Discover the Benefits of Fruits and Vegetables by their Colors

Fruits and vegetables have unique nutritional qualities: they are low in calories, contain a large amount of water, water-soluble vitamins such as vitamin C, folic acid, B vitamins, fat-soluble vitamins such as beta carotene, vitamin A, E and K, minerals where it stands out potassium, magnesium and fiber.

health benefits of fruits and vegetables


If you consume fresh fruits and vegetables every day you can prevent the development of cardiovascular diseases, digestive disorders, some types of cancer and neurodegenerative diseases, it also helps you to fight against overweight and obesity.

We have different ways of preparing them and introducing them into the daily menu, the important thing is to use the imagination so that its use is not monotonous. Regarding the fruits, they can be consumed naturally, preferably to avoid losing the fiber, in juice or juice preferably without straining, crushed, combined with yogurt, and even mixed with vegetables.

As for fresh vegetables you can consume them in salads, grilled, steamed, wok or in soup or cream of vegetables without straining. To avoid the destruction of the vitamins contained in the vegetables you must follow the following recommendations:

  • Whenever possible, you should cook them in the oven, boiled or steamed with skin. 
  • When it is necessary to cut them, you must do it in large pieces to get less quantity in contact   with the water.
  • You must use as little water as possible and preferably use pots with a lid or airtight seal. 
  • You must use adequate cooking time to avoid destruction of nutrients and changes in taste. 
  • Whenever the vegetable allows it, you can add a few drops of lemon or vinegar, since the acid   medium protects the vitamins. 

When you go to plan the three servings of fruit and the two servings of vegetables a day on the menu, you should think about combining 5 colors between them, because with this you get all the vitamins and minerals that we must consume every day.

And if you're wondering what a serving of fruits and vegetables is, you should think that you should control the portions of fruits and vegetables rich in carbohydrates such as the smoke, carrot and beet. The fruit portion should be the unit (1 orange, 1 tangerine, 1 apple, 1 pear), if we use it in pieces it should be approximately one well or 150 grams, and 10 to 15 strawberries, grapes, gooseberries. In the case of the smoke, carrot and beet consume 120 to 150 grams. We can consume the rest of the vegetables in the desired amount.




COLOR
FRUITS & VEGETABLES
BENEFITS
Yellow & Orange
Yellow apples, melon, grapefruit, mango, orange, peach, yellow pear, pineapple, tangerine, carrot, yellow pumpkin and yellow and orange tomatoes.
These colors protect against some types of cancer, help the eyes (especially night vision), keep the heart healthy and maintain the immune system. Bright yellow or orange foods contain Vitamin C and beta carotene.
Red
Red apples, red indoor orange, cherries, red grapes, pink / red grapefruit, red pears, strawberries, watermelon, red peppers, radishes, purple onions, pink potatoes, and tomatoes.
The red group helps the health of the memory, the heart, the urinary tract and protects against some types of cancer. This group contains the lycopene and anthocyanin phytochemicals
Green
Avocados, green apples, green grapes, kiwis, lemons, green pears, broccoli, cauliflower, Brussels sprout, Chinese cabbage, green cabbage, celery, green squash, cucumbers, greens such as parsley, Coriander, leek, lettuce, chives, green pepper, spinach, serrano and green chills, watercress.
The green colors protect against some types of cancer, keep bones and teeth strong and help the eyes.
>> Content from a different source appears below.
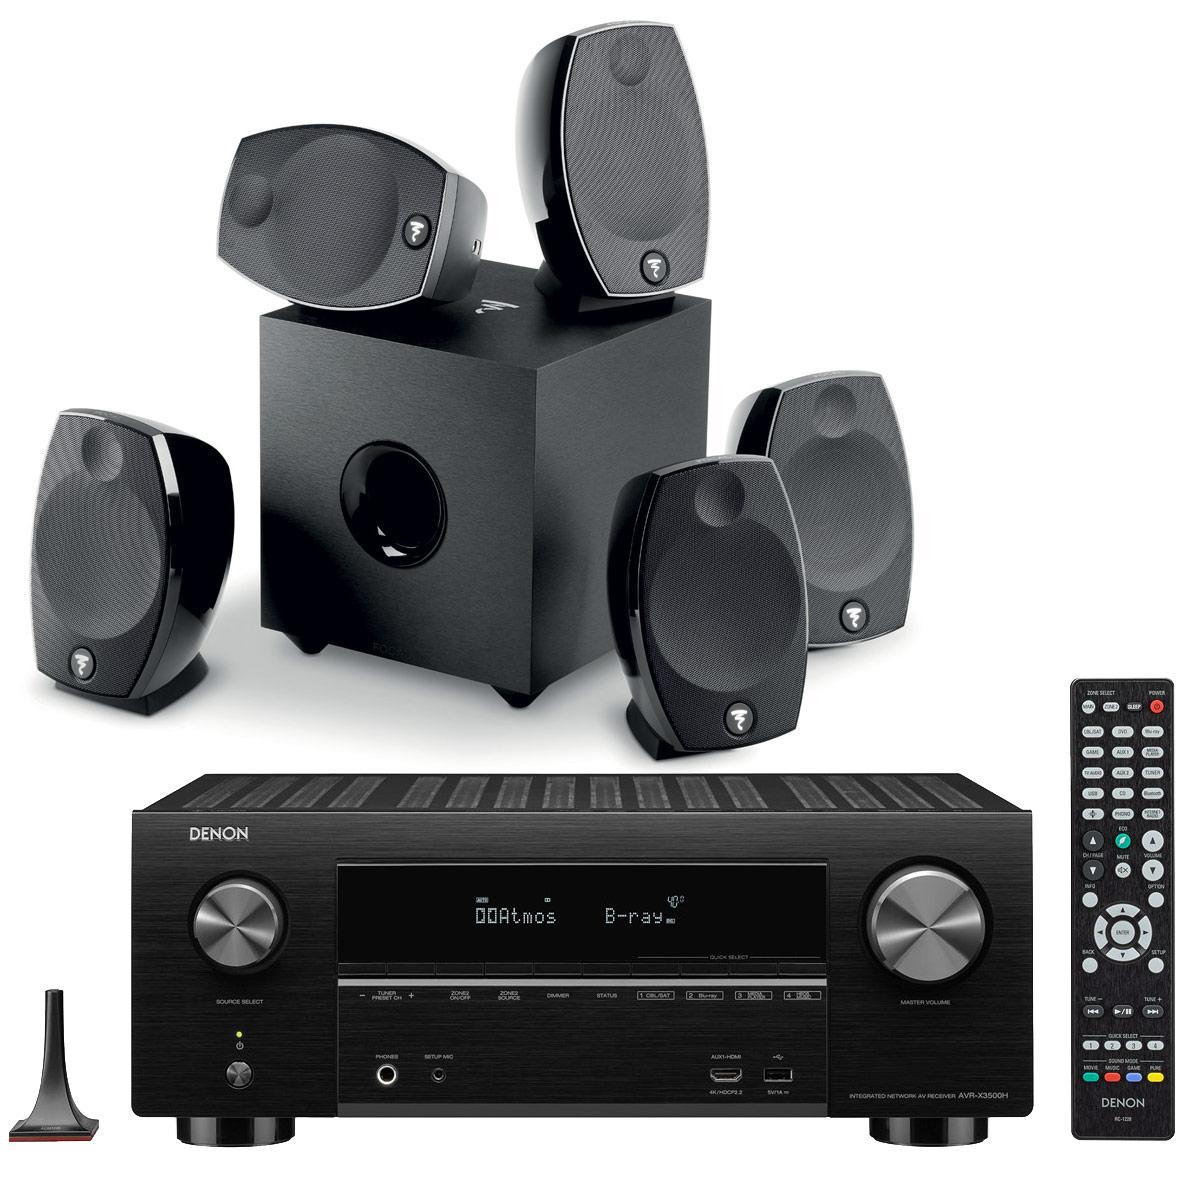 Ensemble home cinéma Denon AVR-X3500H Noir + Focal Sib Evo 5.1 Ampli-tuner Home Cinema 3D Ready 7.2 - Dolby Atmos / DTS:X - 8x HDMI 4K Ultra HD, HDCP 2.2, HDR - Wi-Fi, Bluetooth, AirPlay 2 - Multiroom - Amazon Alexa + Pack d'enceintes 5.1

Green fruits and vegetables contain lutein indispensable for visual health.
White

White fruits and vegetables include bananas, brown pears, dates, peaches, cauliflower, garlic, ginger, mushrooms, onions, scallions and turnips.
White, cream or coffee fruits and vegetables help maintain healthy cholesterol levels when they are in a normal range, as well as maintain coronary health and decrease the risk of some types of cancer.
Purple
Blackberries, black currants, fresh and dried plums, purple figs, purple grapes, raisins and prunes, blueberries, purple asparagus, purple cabbage, eggplant.
They help prevent the effects of aging. They also help in the protection against some types of cancer, the functioning of memory and the health of the urinary tract.

Finally, remember to eat fruits and vegetables as input, because its water and fiber content produces satiety and can help us reduce the consumption of foods rich in calories and carbohydrates, resulting in better body composition and weight maintenance.